Wフェンダーが特徴的なフロント周り。新設計の17インチキャストホイールにミシュラン製パワーGPを装着。KTMのロゴが入るラジアルマウントキャリパーはJ.Juan製。コーナリングABSを装備するとともに、リアのみ解除となるスーパーモト設定も可能。
KTMと同じグループ企業に属するWP製サスペンションを採用するのはKTM全車共通。フロントには43mmAPEX倒立フォークを採用。圧側および伸び側の減衰力調整機構を備え、ストローク量は180mmに設定される。

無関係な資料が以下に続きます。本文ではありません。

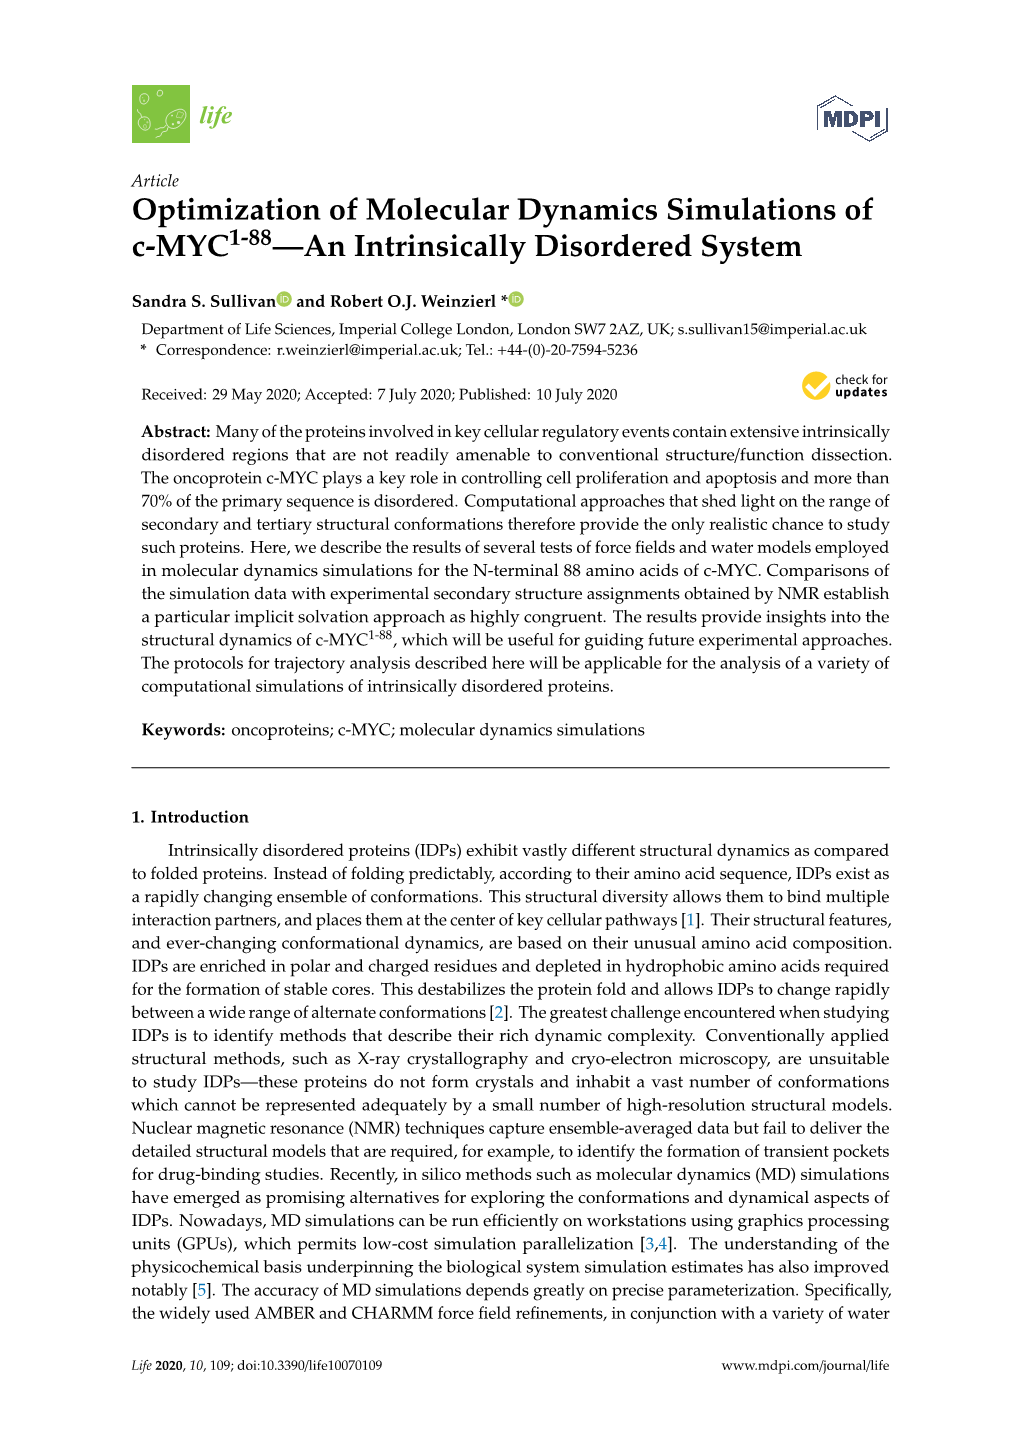 Optimization of Molecular Dynamics Simulations of C-MYC1-88—An Intrinsically Disordered System

クロモリ製トレリスフレームおよびシートレールは890アドベンチャーから譲り受ける。エンジンをストレスメンバーとすることで軽量化とともに剛性も確保。オフロード走行を睨んだ剛性バランスがオンロードでの自由度の高いハンドリングを生み出している。
 
5インチフルカラーTFT液晶モニターには様々な情報を表示すると同時に、左グリップ部のスイッチを併用して簡単にマシンのセットアップが変更可能。ライディングモードは3パターンおよびオプションのトラックモードを選択すれば、より細かいセットアップが可能。ハンドル位置は6ポジションに調整可能となる。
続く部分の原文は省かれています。